While the classic type was rarely seen in the genital area, approximately 20% of HIV-seropositive men with Kaposi sarcoma have genital involvement, and 3% of these patients present with genital involvement. Kaposi sarcoma presents as small violaceous-to-tan patches or nodules that may eventually coalesce to form plaques. Occasionally, lesions become exophytic or superficially ulcerated. Complications of genital involvement include lymphatic or urethral obstruction.

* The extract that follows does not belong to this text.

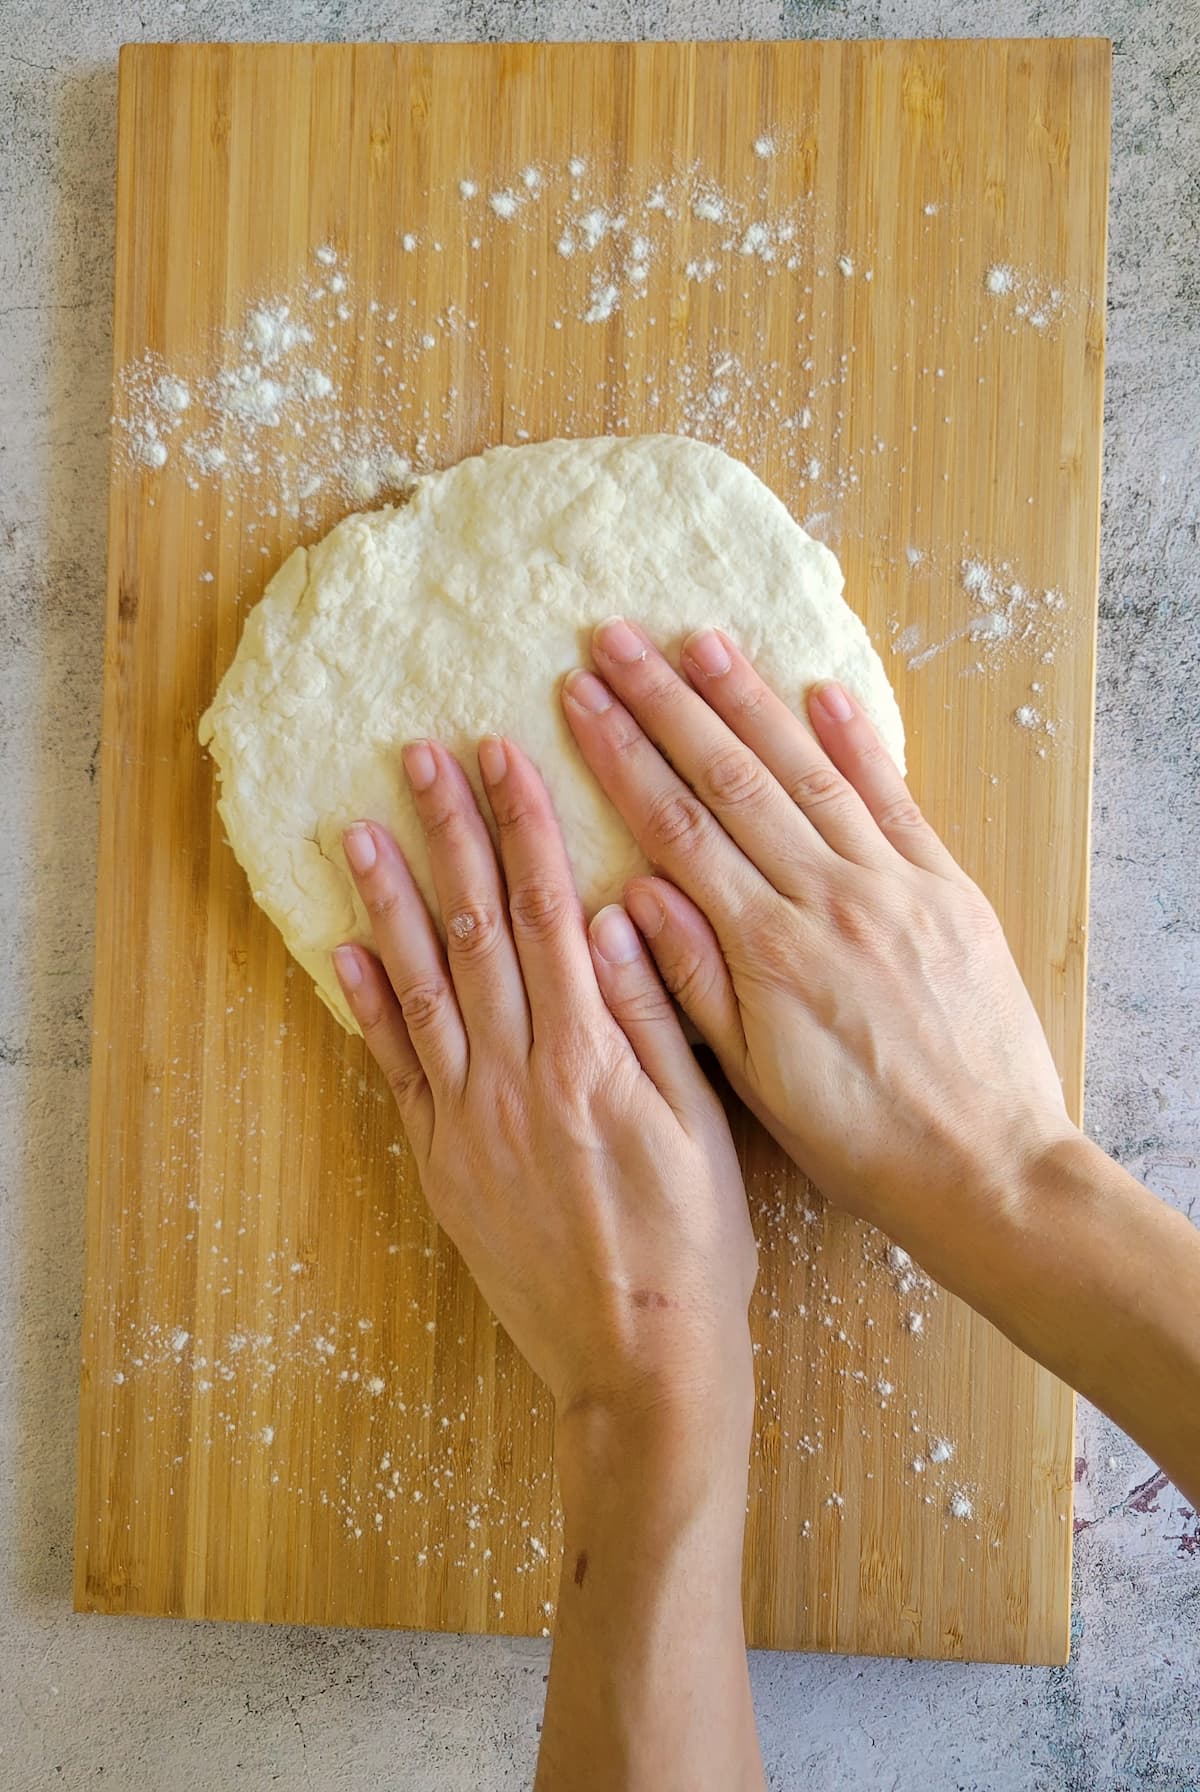 hands flattening a circular piece of dough on a cutting board
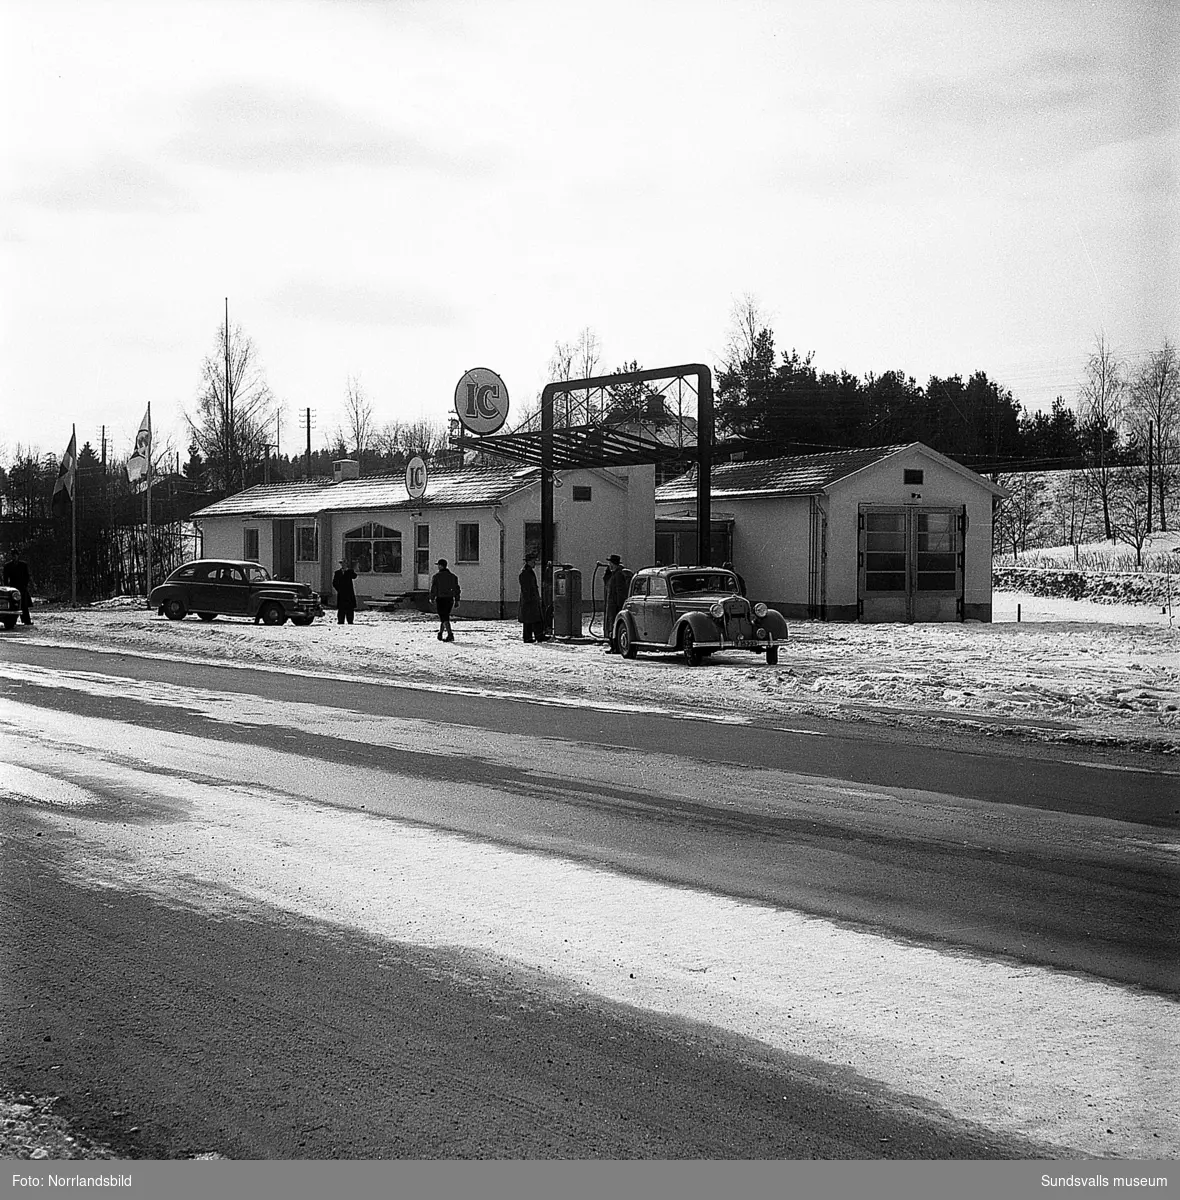 IC Motell i Kvissleby (OK) var Sveriges första motell, startades 1952. Bilder från butik, verkstad och exteriörbilder.

Skin biopsy is generally necessary for definitive diagnosis. Histopathology shows an atypical spindle-cell vascular proliferation with slitlike vascular channels and numerous extravasated erythrocytes.

Differential diagnoses

The clinical differential diagnoses of Kaposi sarcoma include the following:

• Hemangioma
• Angiosarcoma
• Squamous cell carcinoma
• Amelanotic melanoma
• Dermatofibroma
• Bacillary angiomatosis

Treatment

Although no cure has been identified, care is centered on limiting potential complications (obstruction) or cosmetic treatment. Topical alitretinoin, intralesional chemotherapeutics, radiation therapy, ^{[49, 50]} and local tissue destruction with cryotherapy or laser therapy ^[51]  have been used with varying success. Optimizing the HIV antiviral regimen generally results in involution of Kaposi sarcoma in individuals infected with HIV. ^[52] Systemic chemotherapy with liposomal doxorubicin is frequently effective for patients with widespread disease or debilitating lesions.

Outcome

Although no cure is currently known, the use of multidrug antiviral regimens to treat patients infected with HIV can effectively induce involution of Kaposi sarcoma lesions.